It all really started with Tokio Hotel when they brought out their first album in 2006. I saw Bill Kaulitz and immediately became one of the biggest fans ever, I had absolutely everything from Tokio Hotel: bed linen, posters, cushions, absolutely everything. Bill used a lot of make-up back then, which wasn’t really for me, but I just thought it was so cool that he just did whatever he wanted. He opened my eyes to the fact that you need to be and are allowed to be just like you are. I didn’t really think about it too much though, for me it just developed naturally and it came out of me just like that. But he was definitely a big inspiration and an icon for me.

At some stage the ultra-fandom slowly stopped and started to trust my own feeling and taste more and more. I still think it’s cool to just do whatever you like and not only do what everybody else is doing. I get really annoyed as well when people criticize me or my style and two years later they wear exactly the same stuff because it became mainstream in the meanwhile. I think you can tell very quickly if people are doing things that are not coming from inside themselves. I think being unauthentic is awful.

Where do you buy your clothes?

That differs, the vintage stuff I find at flea markets or a lot at Pick’n’Weigh, the shop is not exactly cheap but I definitely find the stuff I like. Brilliant shop.

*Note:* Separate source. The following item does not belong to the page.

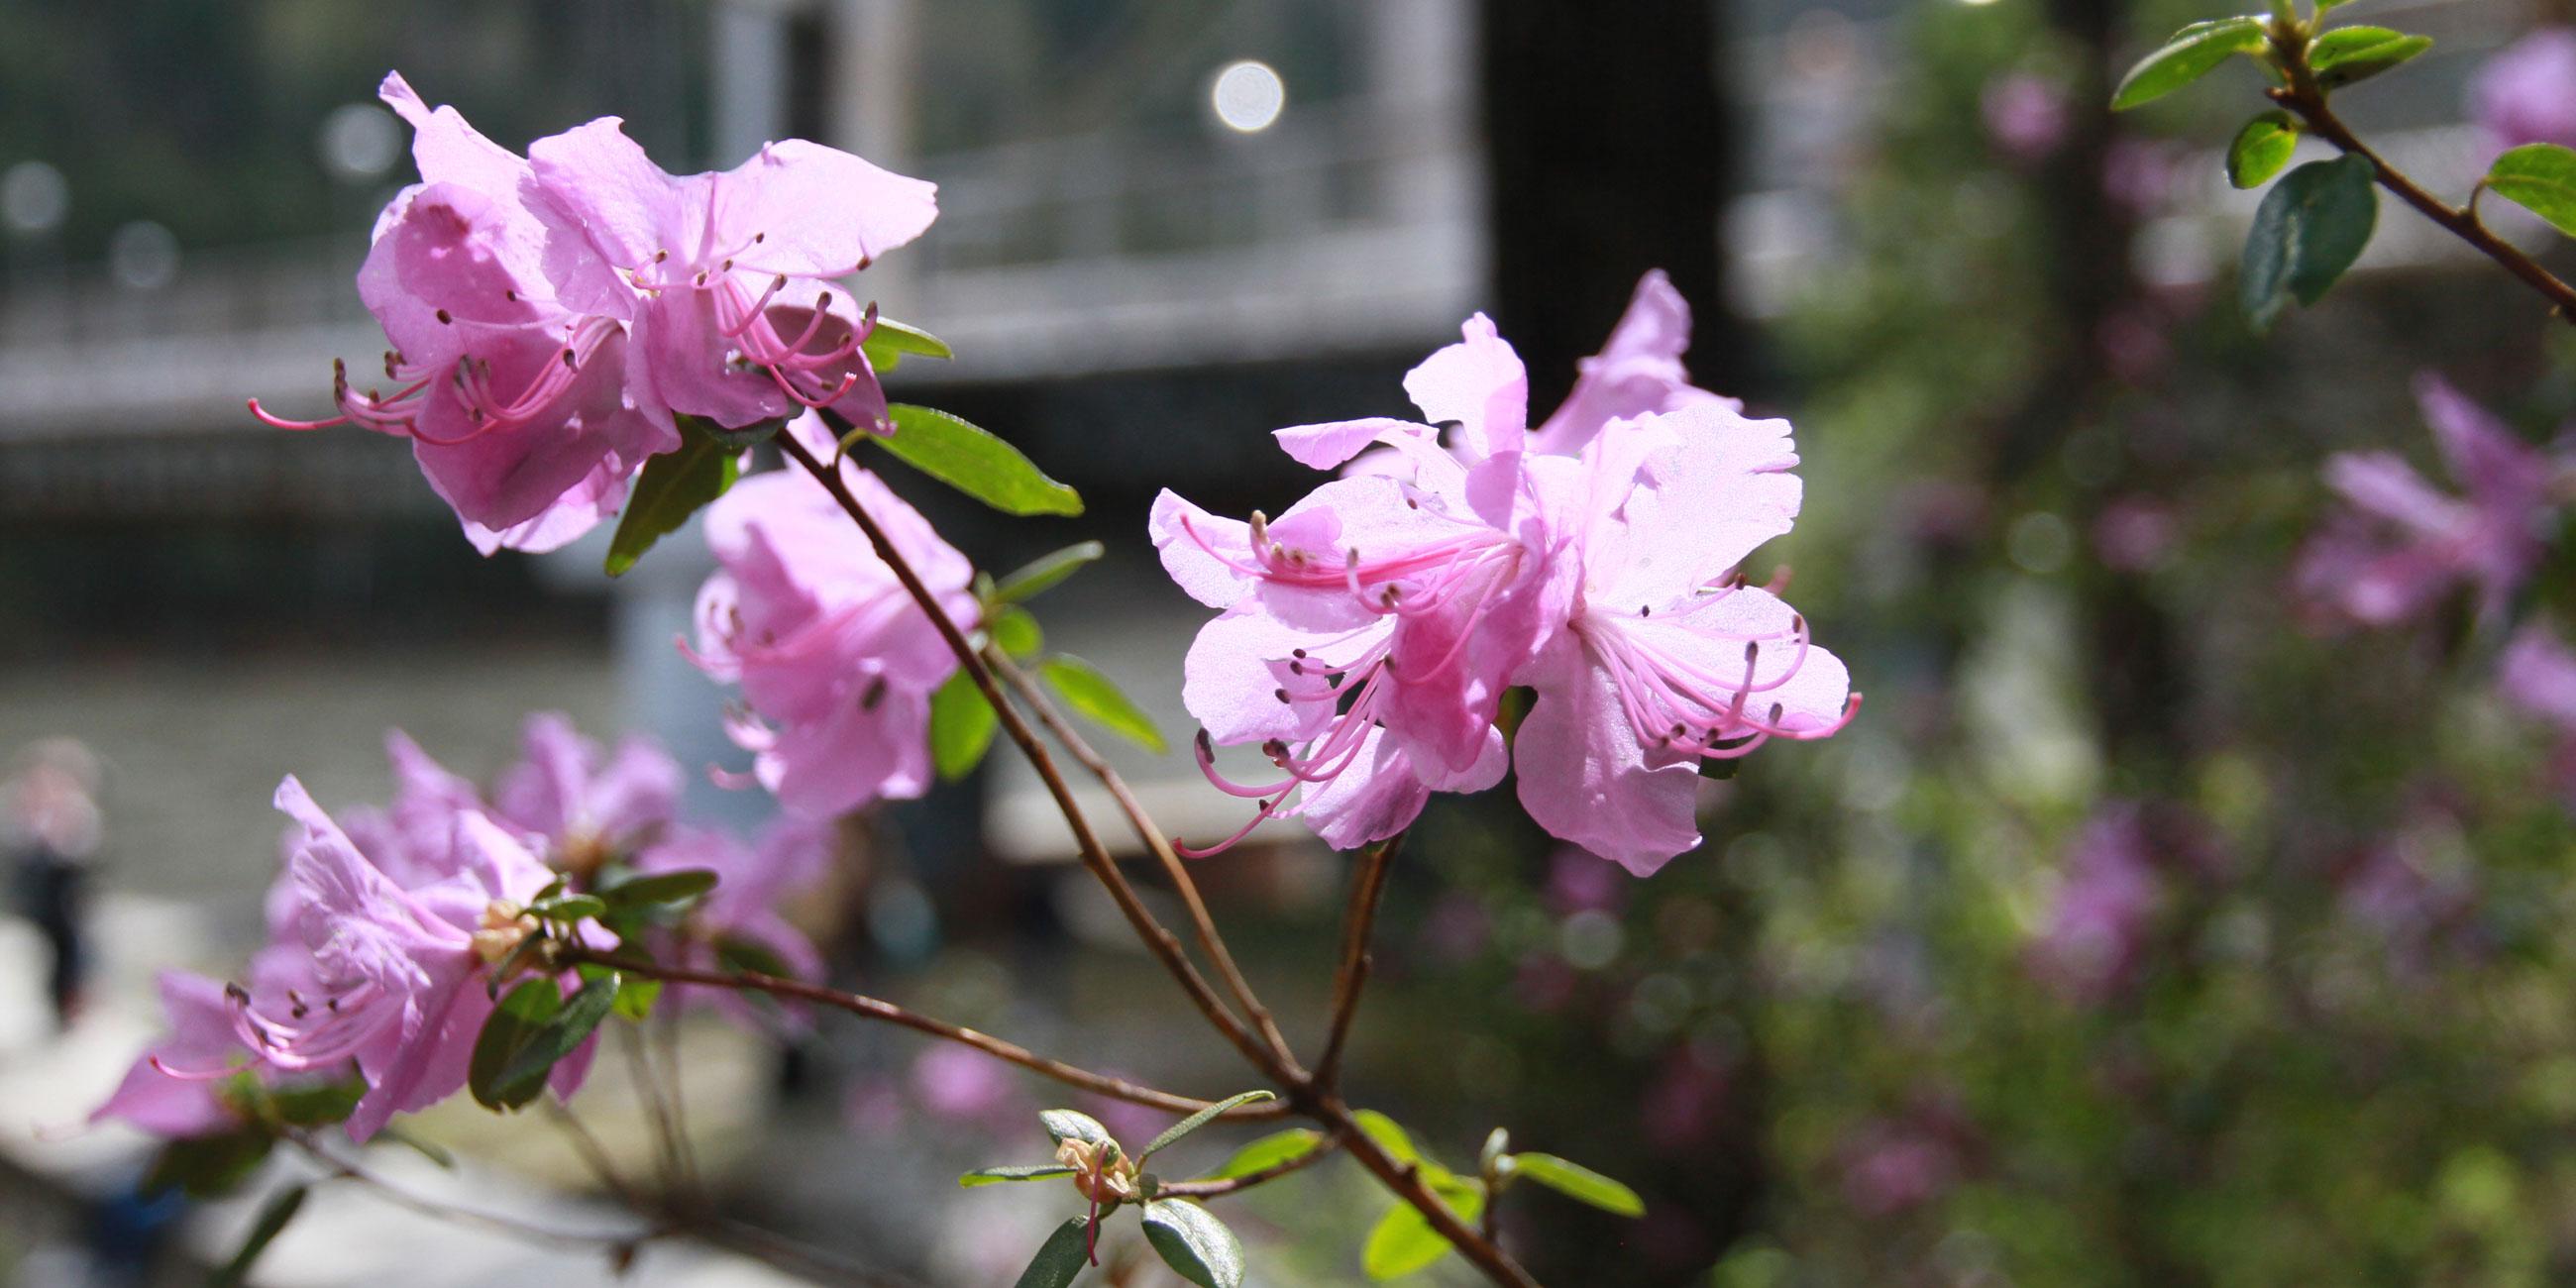 В мае цветение маральника открывает туристический сезон на АлтаеФото: Олег Укладов,
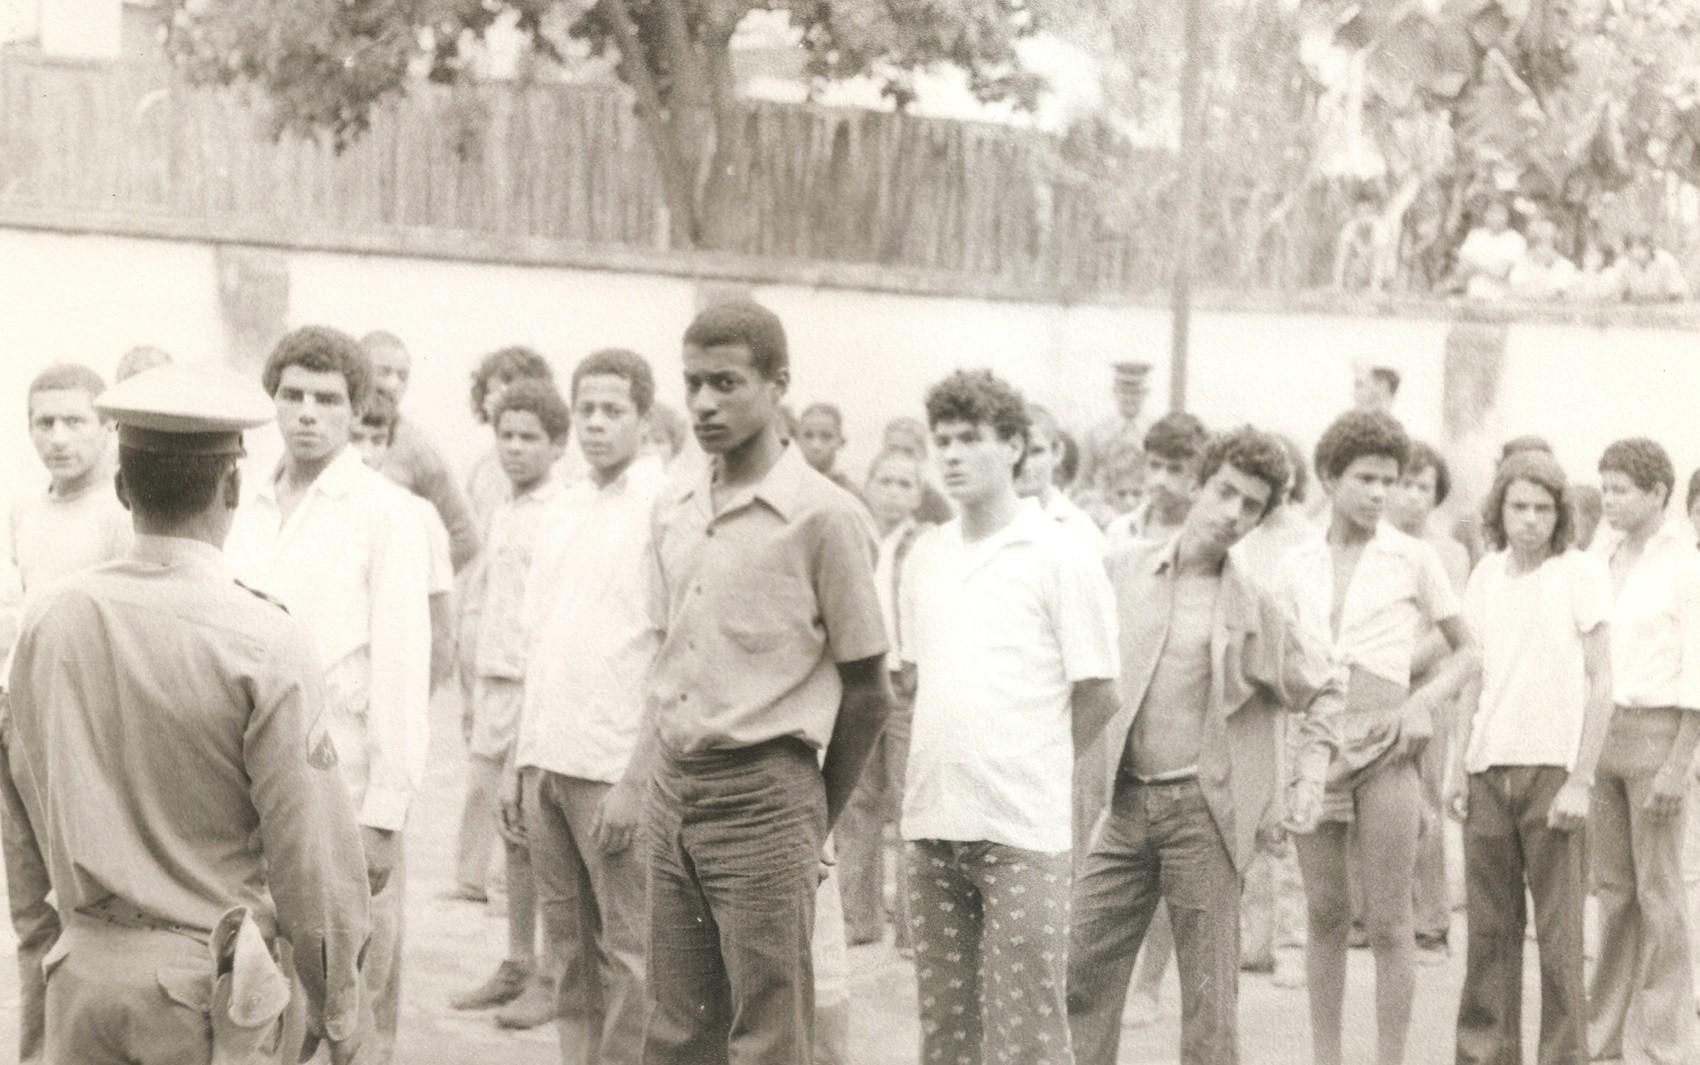 Documentário sobre operação militar ocorrida durante a ditadura em Camanducaia é premiado em festival internacional no Canadá

And then I do buy at Zara or occasionally at H&M. You can find good basics or if you look in in the very back of their shelves you can find a good jumper.

I read in an interview with you that you also sew your own clothes. Is that something you still do and make a career out of it – fashion, styling, design?

Well I used to sew more a couple of years ago. But now I really want to do my music. I produce songs with my producer and songwriter and I really care about it. I want to start sewing again, there’s a sewing machine in my room getting all dusty. But I also have to admit that I don’t really have the patience for it. I did a couple of internships with tailors and had to realize that I’m not very good in three dimensional thinking. The patterns and the sewing itself is pretty complicated! I have a lot of respect if someone can produce a piece of clothing from start to end all by themselves. But as a profession I don’t think it is for me.

I do like it though to suggest outfits to my friends. But you have to be careful not to change them too much and choose stuff that fits their personalities.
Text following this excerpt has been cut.